Protests erupted on Saturday in the Delmas district, where gas stations are out of gasoline. Police arrived and dispersed the crowd with warning shots of what appeared to be live ammunition.
Some of the country’s mobile phone networks have experienced service cuts due to lack of fuel to operate cell phone tower equipment.
Officials at Saint Damien Hospital, the capital’s main pediatric center, said it only had three days of fuel left to run the generators that power ventilators and medical equipment. The hospital can run partly on solar energy, but this does not provide enough electricity for all of its needs.
Denso Gay, the hospital’s project manager, said Saint Damien treats two patients with COVID-19 and also handles urgent surgeries, such as cesarean sections.
“I am very worried,” Gay said. “The situation is very critical.
“Oxygen runs on electricity. If we don’t have electricity to run the oxygen and the (medical) devices, we will have to shut down ”to new patients, he said.
Gay estimates that the roughly 1,500 gallons of fuel left in the hospital’s reserve tanks would last only about three days.
The hospital normally receives deliveries of about 3,000 gallons of fuel twice a month.

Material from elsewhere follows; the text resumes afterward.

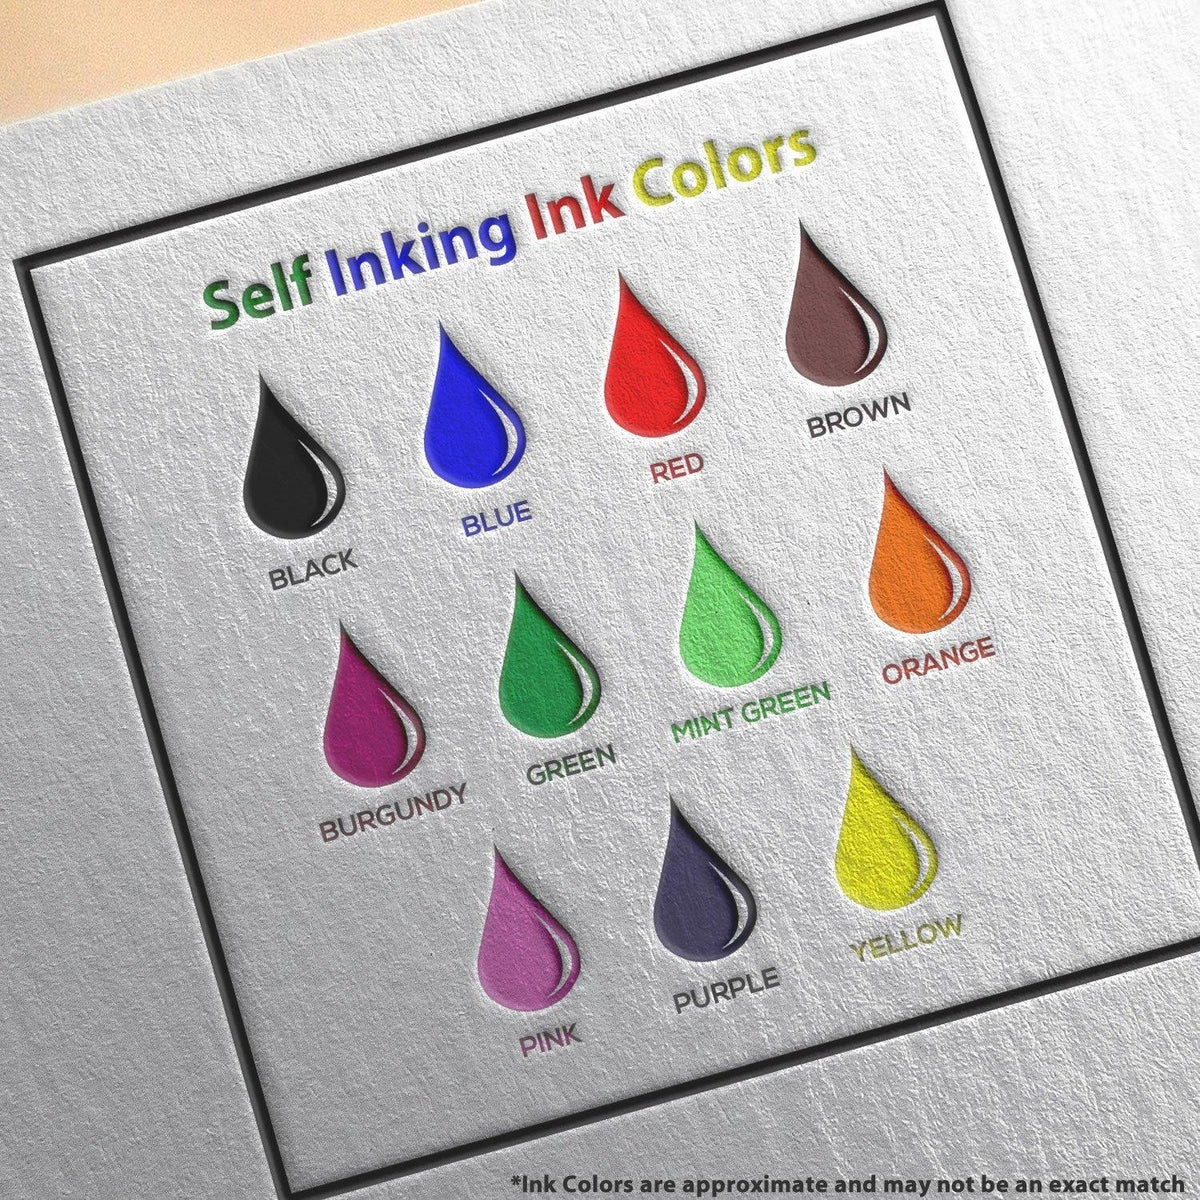 Self Inking Two Line Received Stamp - Engineer Seal Stamps - Brand_Trodat, Impression Size_Small, Stamp Type_Self-Inking Stamp, Type of Use_Office, Type of Use_Postal &amp; Mailing, Type of Use_Shipping &amp; Receiving

“We contacted the company and they said they couldn’t deliver, that they couldn’t drive through town due to the danger to the drivers,” Gay said.
Many gas stations remain closed for several days at a time, and the fuel shortage is so severe that the CEO of Digicel Haiti announced last week that 150 of its 1,500 branches across the country were running out of diesel.
Hundreds of protesters blocked roads and burned tires in Port-au-Prince on Thursday to protest the severe fuel shortage and rising insecurity.
Alexandre Simon, an English and French teacher, said he and others were protesting the dire conditions Haitians face.
“There are a lot of people who cannot eat,” he said. “There is no job … There are a lot of things that we don’t have.”